The ad hoc agent was evaluated in two experiments: Exp1, in which other agents followed the hand-crafted policies; and Exp2, in which other agents followed the built-in policies. As stated earlier, the ad hoc agent learned behavior models in the form of FF trees from 10,000 state-action observations obtained by running the hand-crafted policies. It was not provided any prior experience or models of the built-in policies.

Our previous work documented the accuracy of a basic AHT architecture that reasoned with some domain knowledge and static behavior prediction models in the FA domain (Dodampegama and Sridharan Reference Dodampegama and Sridharan2023a). In this paper, the focus is on evaluating the ability to select, revise, and learn the relevant predictive models, and adapt to partial observability. For the former, each agent other than our ad hoc agent was assigned a policy selected randomly from the available policies (described above). The baselines for this experiment were:

  • Base1: other agents followed a random mix of hand-crafted policies. The ad hoc agent did not revise the learned behavior models or use the model selection algorithm.

  • Base2: other agents followed a random mix of hand-crafted policies. The ad hoc agent used a model selection algorithm without a graded strategy to compare the predicted and actual actions, that is, fixed penalty assigned for action mismatch in Line 6 of Algorithm 1.

  • Base3: other agents followed a random mix of built-in policies. The ad hoc agent did not revise the learned behavior models or use the model selection algorithm.

  • Base4: other agents followed a random mix of built-in policies. The ad hoc agent used the model selection algorithm without a graded strategy to compare predicted and actual actions, that is, fixed penalty assigned for action mismatch in Line 6 of Algorithm 1.

The baselines for evaluating partial observability and communication were as follows:

  • Base5: in Exp1, other agents followed hand-crafted policies and ad hoc agent did not use any communication actions.

  • Base6: in Exp2, other agents followed built-in policies and the ad hoc agent did not use any communication actions.

Recall that KAT allows the use of communication actions (when needed) under conditions or partial observability. Also, each experiment described above (in FA domain) involved 150 episodes and results were tested for statistical significance.

In the HFO domain, we used six external agent teams from the 2013 RoboCup simulation competition to create the ad hoc agent’s teammates and opponents. Five teams were used to create offense agents: helios, gliders, cyrus, axiom and aut; agents of the defense team were based on the agent2d team. Similar to the initial phase in the FA domain, we deployed the existing agent teams in the HFO domain and collected observations of states before and after each transition in the episode. Since the actions of other agents are not directly observable, they were computed from the observed state transitions. To evaluate the ability to learn from limited data, we only used data from 300 episodes for each type of agent to create the tree-based models for behavior prediction, which were then revised (as needed) and used by the ad hoc agent during reasoning.

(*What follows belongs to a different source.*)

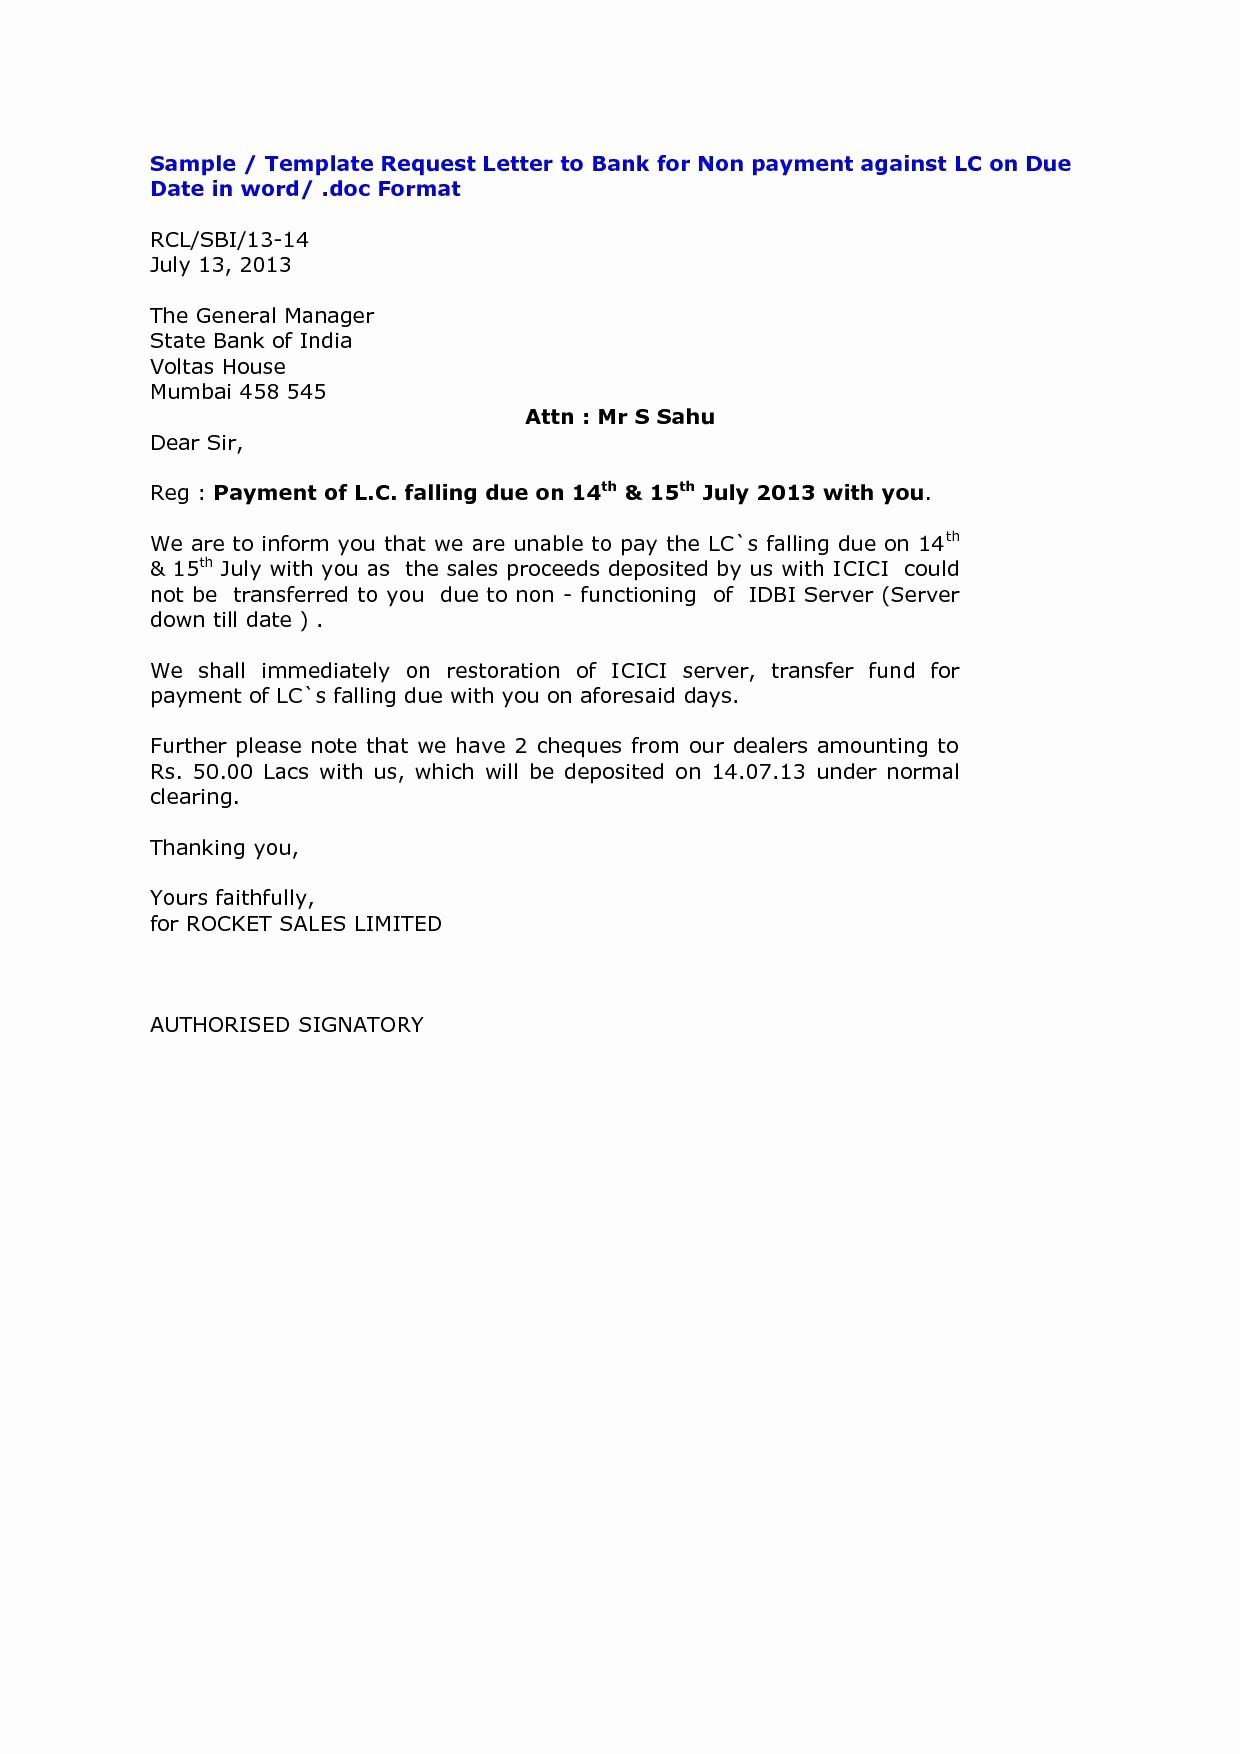 Sample Letter Of Reimbursement Money Inspirational Refund Demand Letter Template Samples

We first compared KAT’s performance with a baseline that only used non-monotonic logical reasoning with prior knowledge but without any behavior prediction models (Exp3), that is, the ad hoc agent was unable to anticipate the actions of other agents. Next, we evaluated KAT’s performance with each built-in external team, that is, all offense agents other than the ad hoc agent were based on one randomly selected external team in each episode. In Exp4, we measured performance in the limited version, that is, two offense players (including ad hoc agent) against two defense agents (including goalkeeper). In Exp5, we measured performance in the full version, that is, four offense players (including ad hoc agent) played against five defense agents (including goalkeeper). In Exp6 and Exp7, we evaluated performance under partial observability in the limited and full versions respectively. As the baselines for Exp4-Exp5, we used recent (state of the art) AHT methods: PPAS (Santos et al. Reference Santos, Ribeiro, Sardinha, Melo, Marreiros, Melo, Lau, Lopes Cardoso and Reis2021), and PLASTIC (Barrett et al. Reference Barrett, Rosenfeld, Kraus and Stone2017). These methods considered the same external agent teams mentioned above, allowing us to compare our results with the results reported in their papers. For Exp6-Exp7, we used the external agent teams as baselines. We conducted 1000 episodes for each experiment described above, and tested the results for statistical significance.

4.2 Experiment results

We begin with the results of experiments in the FA domain. First, Table 3 summarizes the results of using our model selection algorithm in Exp1. When the other agents followed the hand-crafted policies and the model selection mechanism was not used by the ad hoc agent (Base1), the team of guards had the lowest winning percentage. When the ad hoc agent used the model selection algorithm with a fixed penalty assigned for any mismatch between predicted and actual actions (Base2), the performance of the team of guards improved. When the ad hoc agent used KAT’s model selection method (Algorithm 1), the winning percentage of the team of guards was substantially higher than the other two options. These results demonstrated that KAT’s adaptive selection of the behavior prediction models improved performance.

Table 3. Wins (%) for guards with hand-crafted policies in FA domain (Exp1). Model adaptation improves performance

Next, the results of Exp2 are summarized in Table 4. We observed that KAT enabled the ad hoc agent to adapt to previously unseen teammates and opponents that used the FA domain’s built-in policies, based on the model selection algorithm and the online revision of the behavior models learned from the hand-crafted policies. KAT provided the best performance compared with not using any model adaptation or selection (Base3), and when model selection assigned a fixed penalty for action mismatch (Base4). These results and Table 3 support H1 and H2.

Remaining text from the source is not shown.